A further reference quoted by Dillon appeared in the Dublin Freeman’s Journal and National Press.  The editor of the newspaper printed the letter and claimed it was from a senior ranking British officer whose identity could not be revealed for fear of reprisal.  The letter was detailed and described tactics used by the Boers to fight the British.

The focus of the letter was the allegation against Kitchener and the officer’s self-justification for speaking out:[xxvii]

‘I have great hesitation in writing what follows, because it will seem incredible to most people. But I think it is necessary, because I am convinced that the man who conceived so diabolical an idea will take care to guard himself from the consequences, and impute the blame to others when the deed is done. Soldiers and regimental officers will be made to bear the blame, and, therefore, I consider the honour of the army is at stake, and I prefer that the obloquy should fall on the real author rather than on those among whom I have served for so many years, whose friendship I claim, and whose honour is as dear to me as my own. Lord Kitchener having, as he thought, caged his enemy, sent secret instructions to the troops to take no prisoners; that is, if the Boers, surroundedon all sides, find themselves unable to resist, and hoist the white flag as a token of surrender, they are to be shot down to the last man. Even now that the order has been given I do not believe that it will be fully                carried out unless under the eye of Lord Kitchener or a few of his adherents. Some massacre will probably take place, because there are a few men who will do any deed to gain the favour of superiors. But I cannot bring myself to believe that the English and Irish soldiers will commit so dastardly a crime unless they have been previously worked upon and maddened by tales of                 supposed atrocities. Certainly many things have happened during the last fewmonths which I did not anticipate’.

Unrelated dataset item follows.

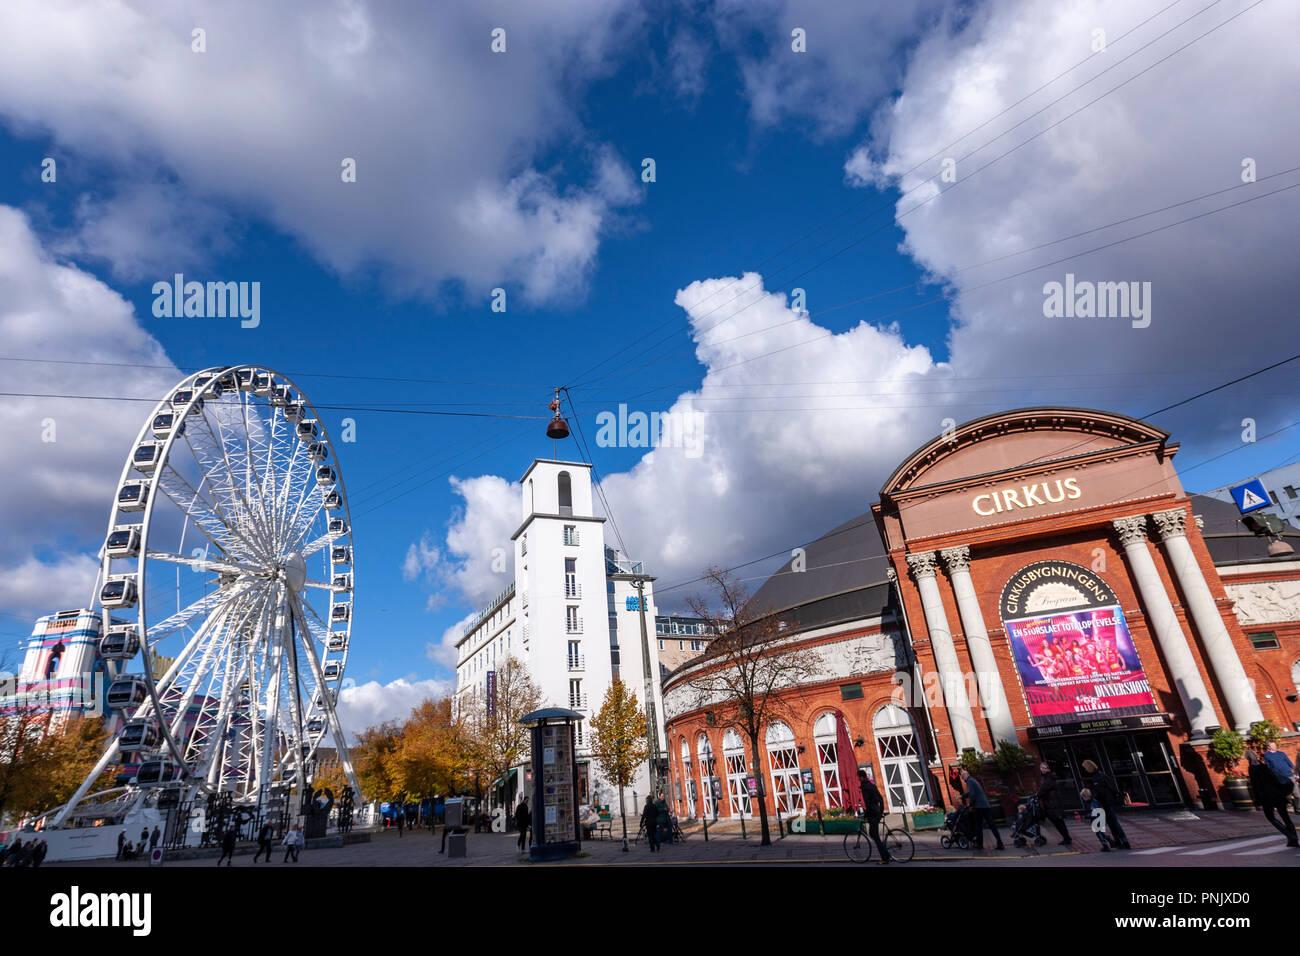 Circus Building and the Ferris wheel in Tivoli, Copenhagen, Denmark Stock Photo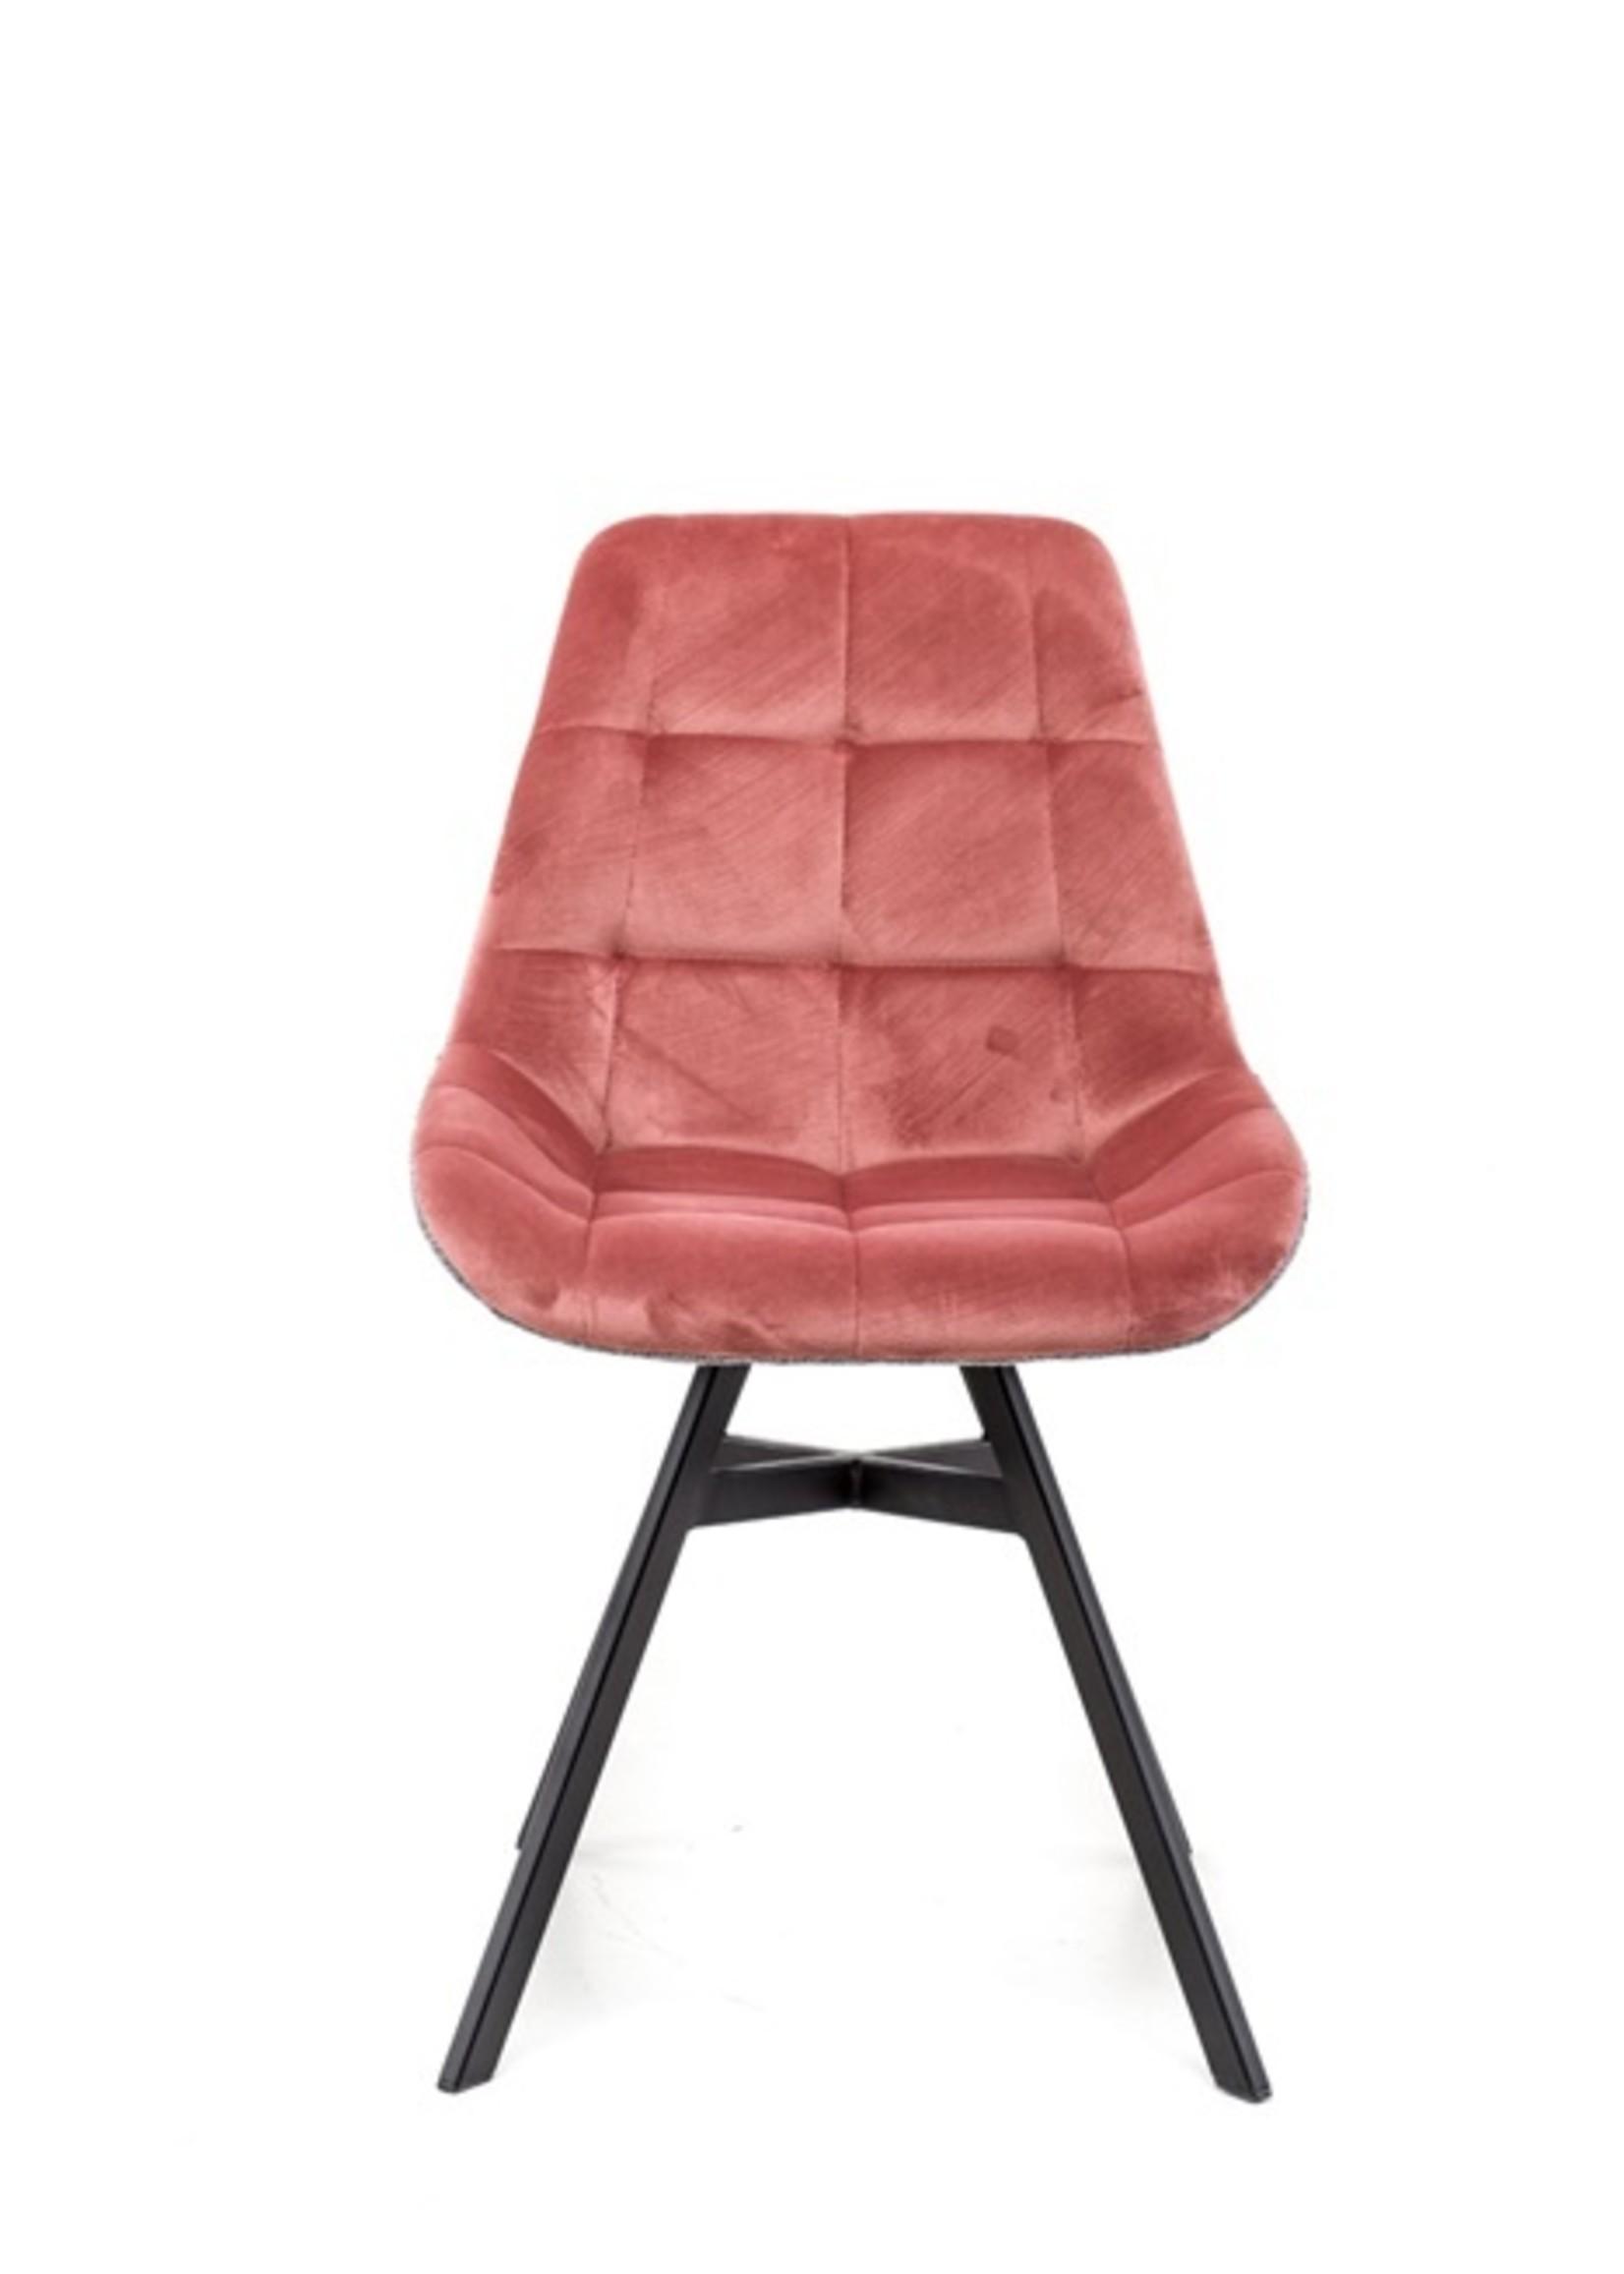 Moods Collection Eetkamerstoel Giulia Monaco pink

Lieutenants Harry ‘Breaker’ Morant, Peter Handcock and George Witton

The issuing of illegal orders to execute prisoners was highlighted in the trials and sentencing of these Australian volunteers for shooting 12 Boers prisoners.  Morant and Handcock were executed on 27 Feb 1902. Witton was sentenced to life imprisonment.

George Witton wrote a book on his return to Australia in 1904. He gave precise detail of the circumstances surrounding the trial and sentencing and the decision that they were compelled to obey orders from Kitchener that they believed were lawful and had to be obeyed.[xxviii]

Witton stated that Morant gave evidence that he had orders from their British superior, Captain Hunt to take no prisoners and these orders had been conveyed to them by Kitchener.  Witton claimed that such orders were corroborated by Lieutenants Picton, Handcock and Morant and other commissioned and non commissioned officers who served with Morant.

Further evidence of orders was verified by Colonel. J. St Clair, Deputy Judge Advocate General and addressed to Major General Kelly, Adjutant General. The opinion dated 22 November 1901 written by St Clair after he had reviewed the report of the investigation conducted in November 1901.

His legal opinion about the existence of orders:

‘The idea that no prisoners were to be taken in the Spelonken appears to have been started by the late Captain Hunt and after his death continued by orders given personally by Captain Taylor.’[xxix]

The existences of superior orders that were illegal according to Military law and the Hague Convention were issued by Kitchener through his subordinates, including Captains Taylor and Hunt.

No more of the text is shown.